Some political improprieties are too ugly and prominent to let go because they touch on the integrity of democracy. The double pay episode remains unrivalled in terms of its magnitude on the integrity scale and should not under any circumstances be swept under the carpet because the culprits belong to a special establishment in the political system.

As mentioned in an earlier commentary, what aggravates the situation is the fact that it involves persons who legislate on behalf of the people of this country; honourable personalities who are so special they enjoy certain privileges – those they represent do not.

If there are morality blunders which can be forgiven, double pay impropriety cannot be one of them, especially, when it is established beyond doubt that the beneficiaries were not oblivious to the unusual pay packets which they attracted.

We have heard about open and concealed sessions of begging the President to order a discontinuation of the case which is being handled by the Criminal Investigations Department (CID) and wish to express opprobrium about the efforts.

Besides being discriminatory, we would be creating an unacceptable precedence which is not good for the respectable political system we are building in the country. When a case of criminality is established against a certain class of citizens, this must be quashed. Not so, however, when the suspects or culprits are ordinary persons whose details have no place in the register of the influential in society.
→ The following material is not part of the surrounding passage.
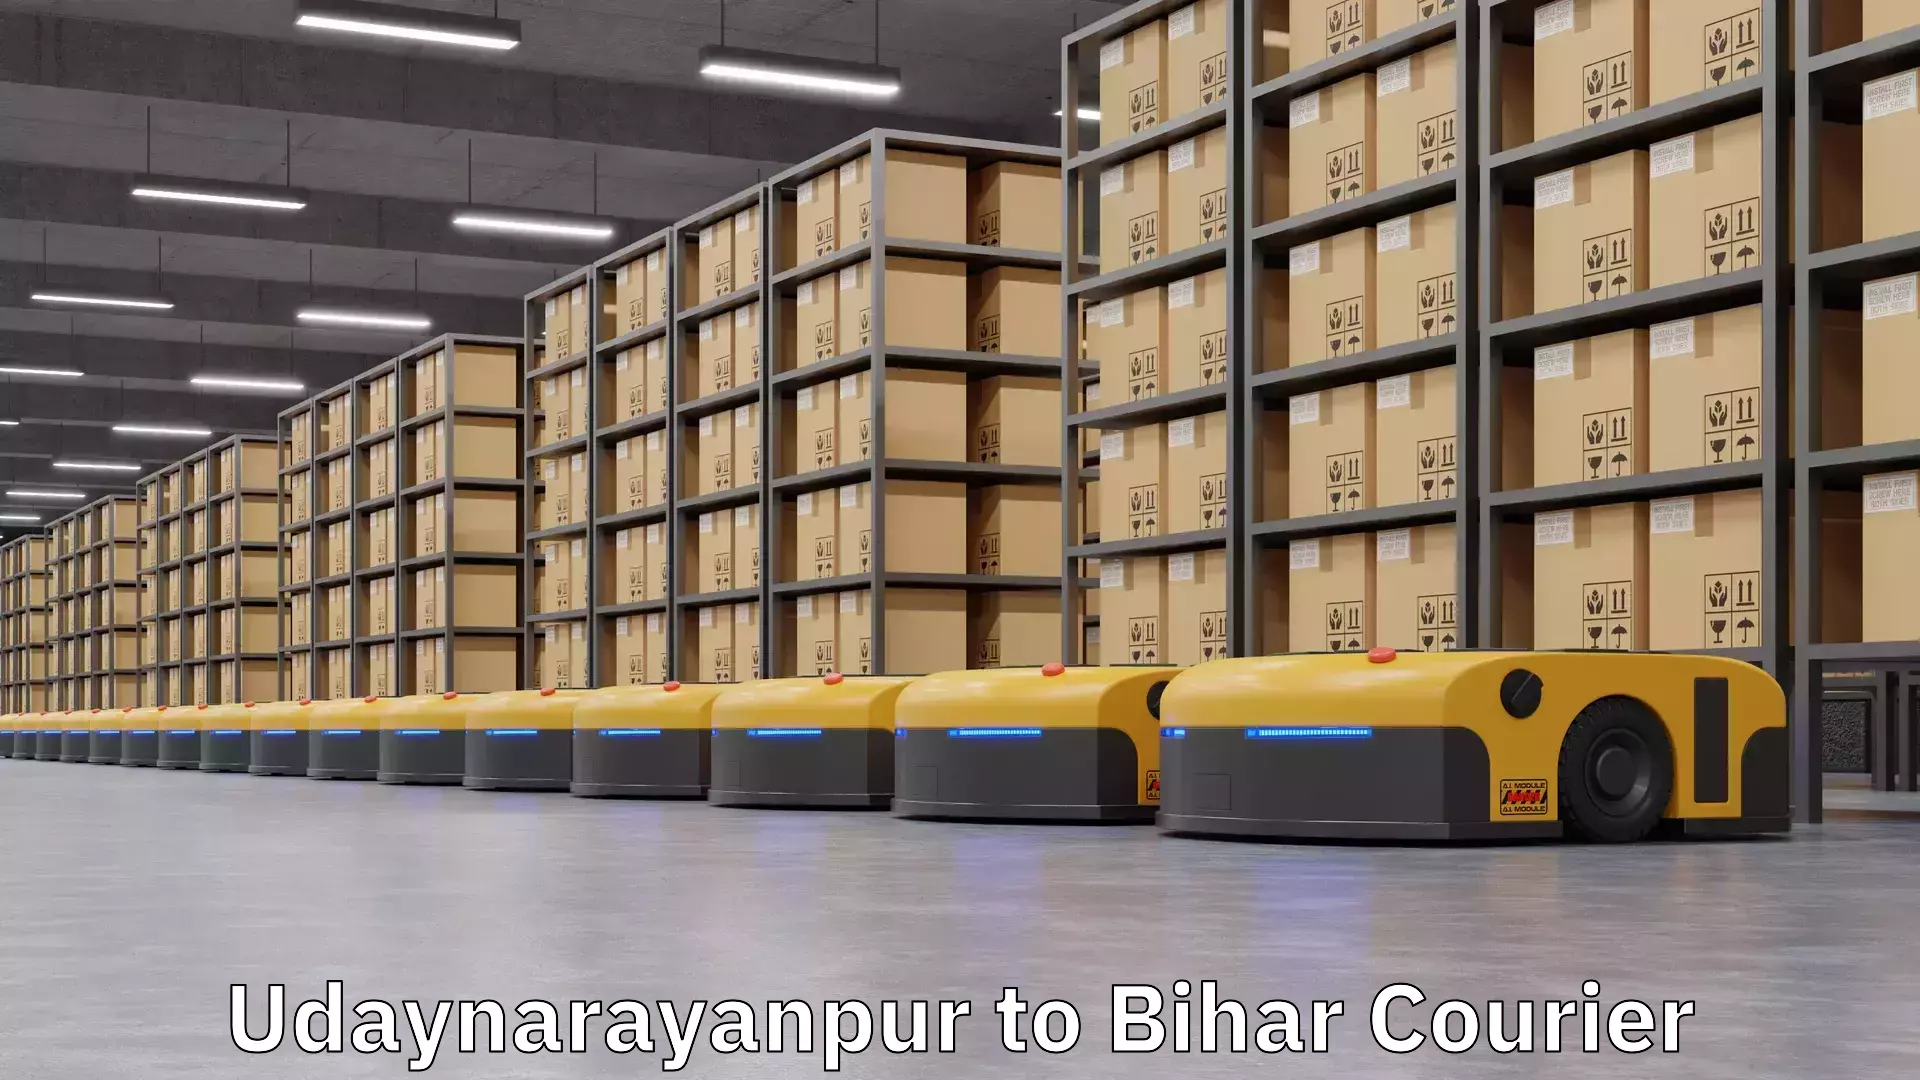 Package delivery network Udaynarayanpur to Bihar

We are constrained to condemn those who have embarked on this expedition of seeking a presidential intervention in a matter which is purely criminal in nature. These persons hardly have a thought about the integrity of governance vis a vis such moral shortcomings such as knowingly collecting double remuneration. There is a case of somebody who upon realizing that he had been credited with a double pay packet, returned same. The difference between this lone person and others is that he is morally upright but his colleagues are not.

The law must not only be working but be seen to be doing so regardless of whose ox is gored. That is the way to build a country. A country where the rule of law is trampled upon for the convenience of a special class of people is light years away from being considered part of the comity of the civilized.

The President and others should allow the law to work by ignoring those who had challenged the authenticity of the story when it was broken in the first instance by this newspaper. After all, the CID of the Ghana Police Service are deep in the case so to ask them to stand down on it is to send to them a bad message that the political class regardless of whether it belongs to the ruling government or the opposition, can always get away with such infractions.